3

I use the following code to translate the HTTP response stream into a XmlDocument.

HttpWebRequest request = WebRequest.Create(url) as HttpWebRequest;
HttpWebResponse response = request.GetResponse() as HttpWebResponse;
Stream responseStream = response.GetResponseStream();
StreamReader responseReader = new StreamReader(responseStream);
String responseString = responseReader.ReadToEnd();
Console.WriteLine(responseString);
Int32 htmlTagIndex = responseString.IndexOf("<html",
   StringComparison.OrdinalIgnoreCase);
XmlDocument responseXhtml = new XmlDocument();
responseString = responseString.Substring(htmlTagIndex); // MARK 1
responseString = responseString.Replace("&nbsp", " "); // MARK 2
responseXhtml.LoadXml(responseString);
return responseXhtml;

The MARK 1 line is to skip the DOC Type definition line.

The MARK 2 line is to avoid the error Reference to undeclared entity 'nbsp'.

Is there any better way to do this? There're too much string operation in the above code.

Thanks!

smwikipedia
  • 61,609
  • 92
  • 309
  • 482

1 Answers1

6

I would directly use HtmlAgilityPack to parse the html. Even if you have to convert html to xml, you can use it.
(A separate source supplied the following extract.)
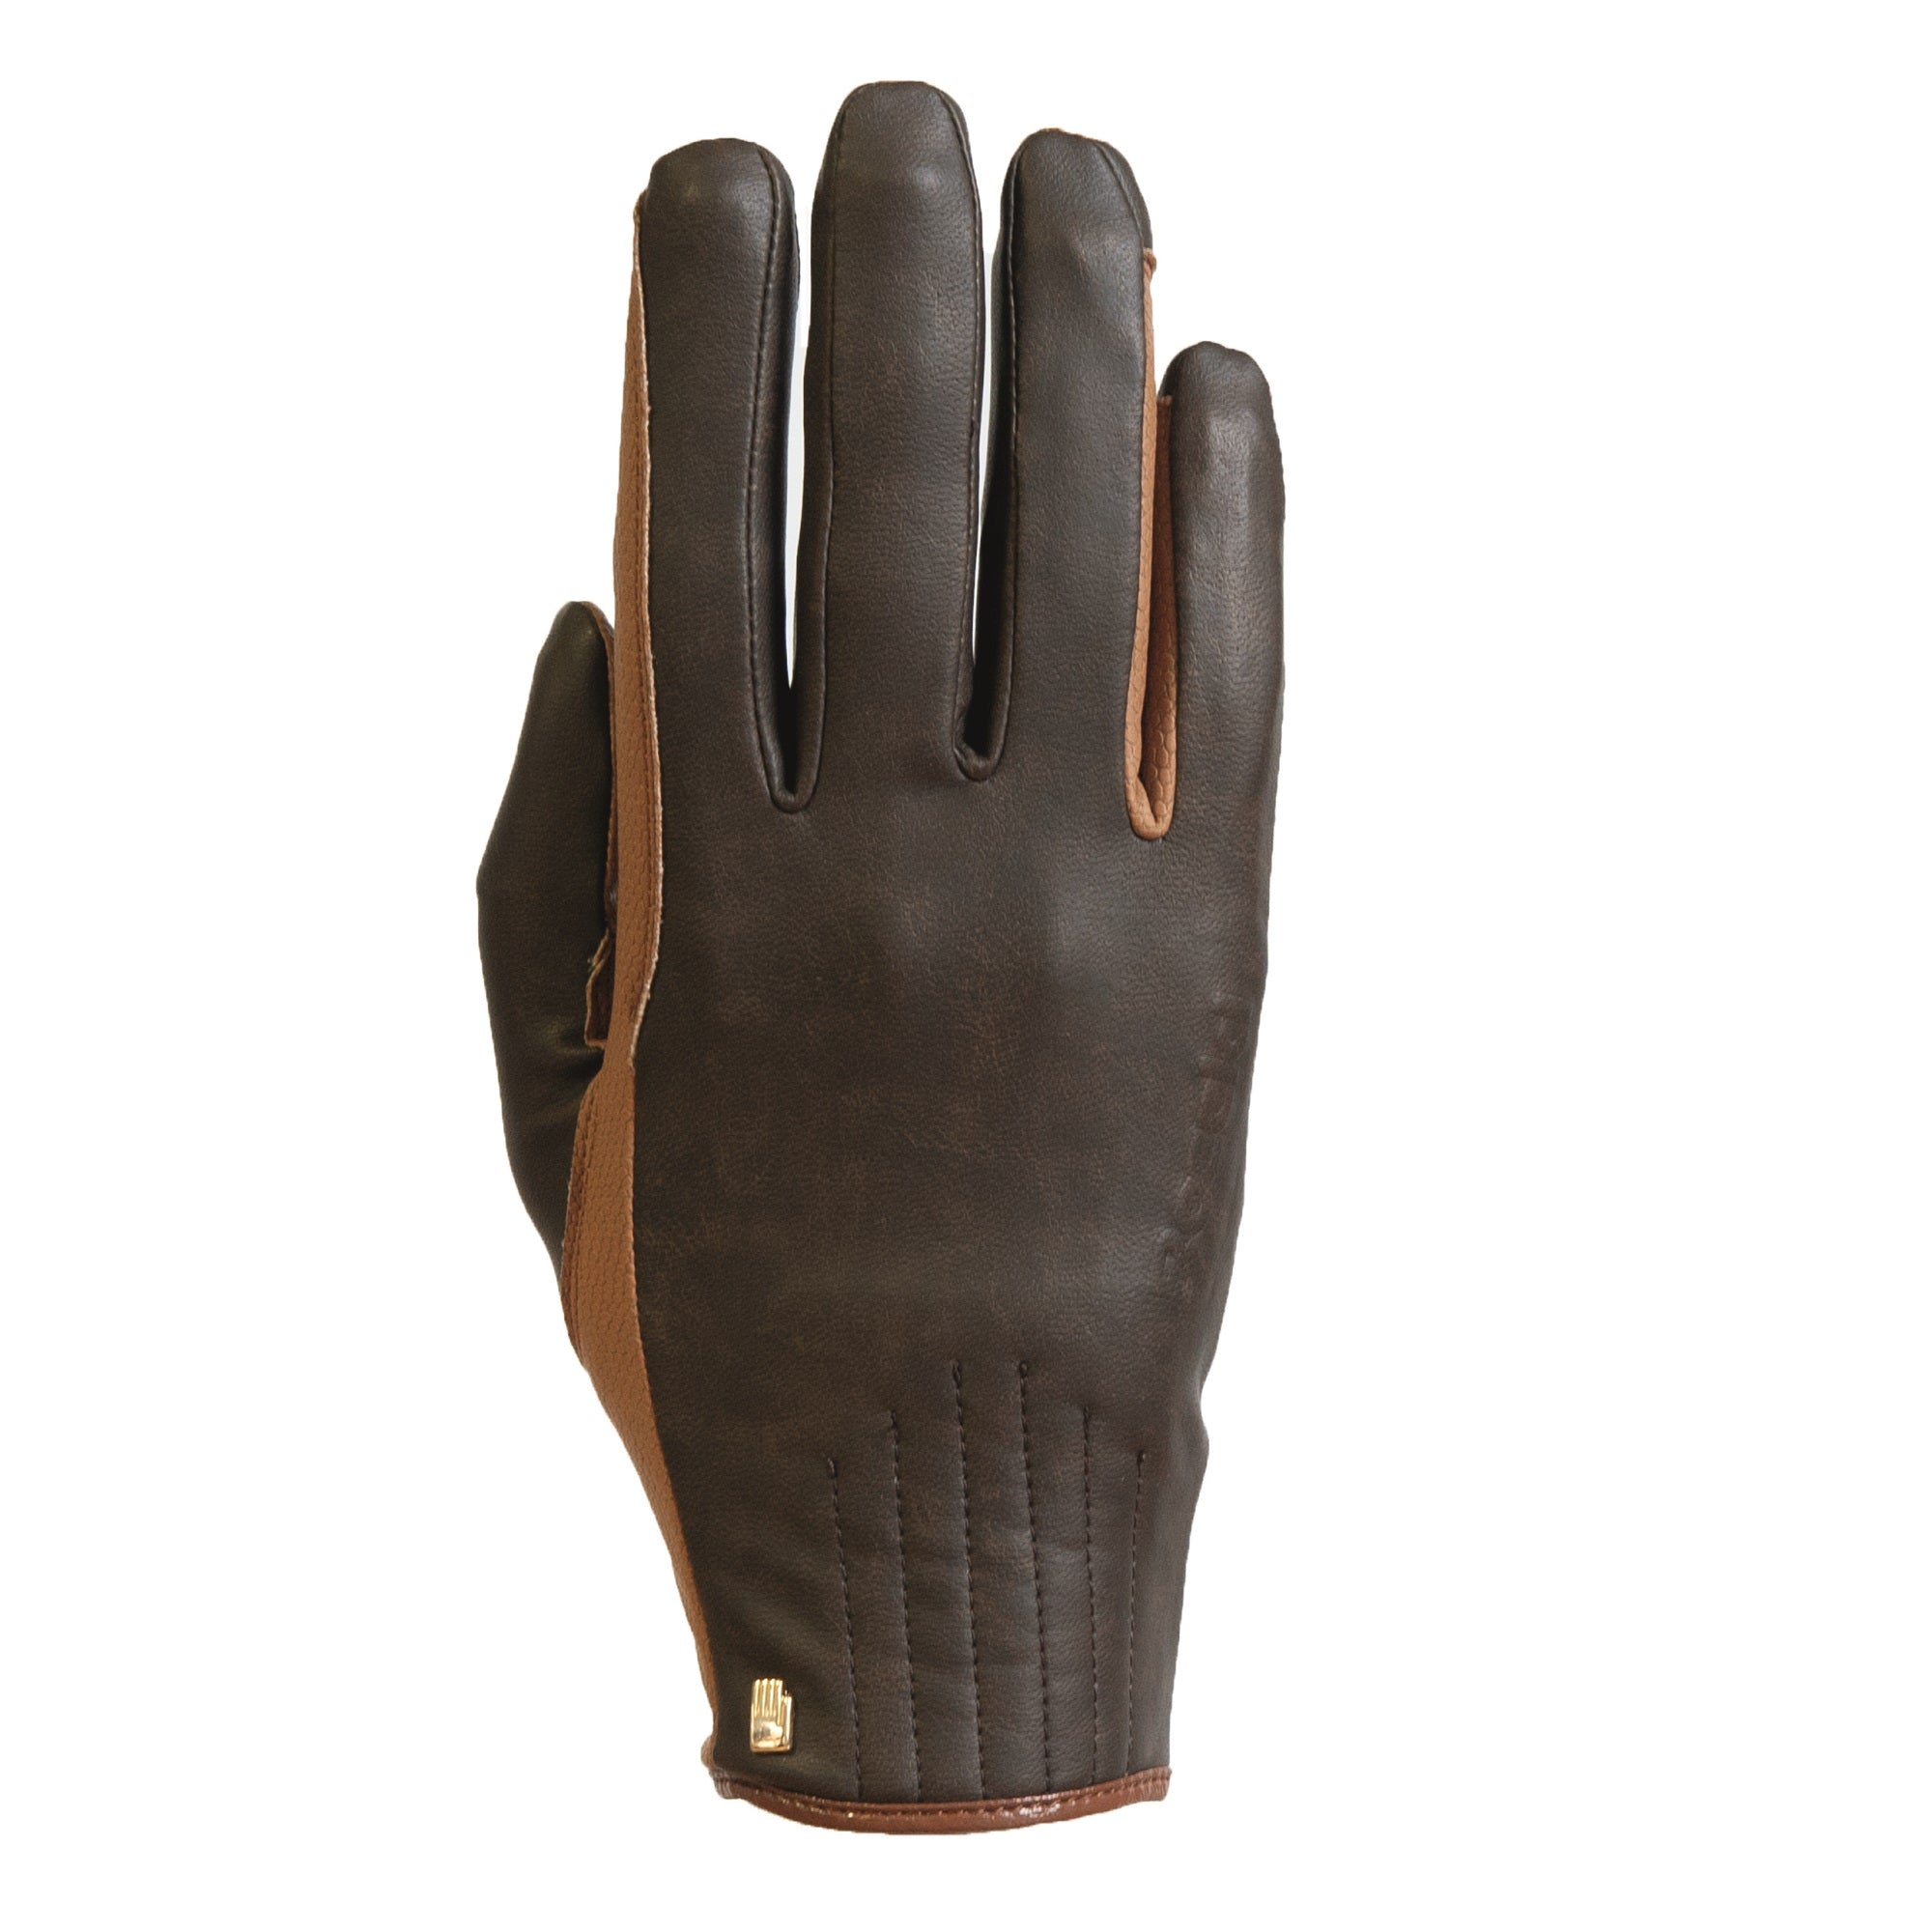 Roeckl Wels Winter Glove - Mocha Antique

using (WebClient wc = new WebClient())
{
    HtmlAgilityPack.HtmlDocument doc = new HtmlAgilityPack.HtmlDocument();
    doc.LoadHtml(wc.DownloadString("http://www.google.com"));
    doc.OptionOutputAsXml = true;

    StringWriter writer = new StringWriter();
    doc.Save(writer);

    var xDoc = XDocument.Load(new StringReader(writer.ToString()));
}
carla
  • 1,970
  • 1
  • 31
  • 44
L.B
  • 114,136
  • 19
  • 178
  • 224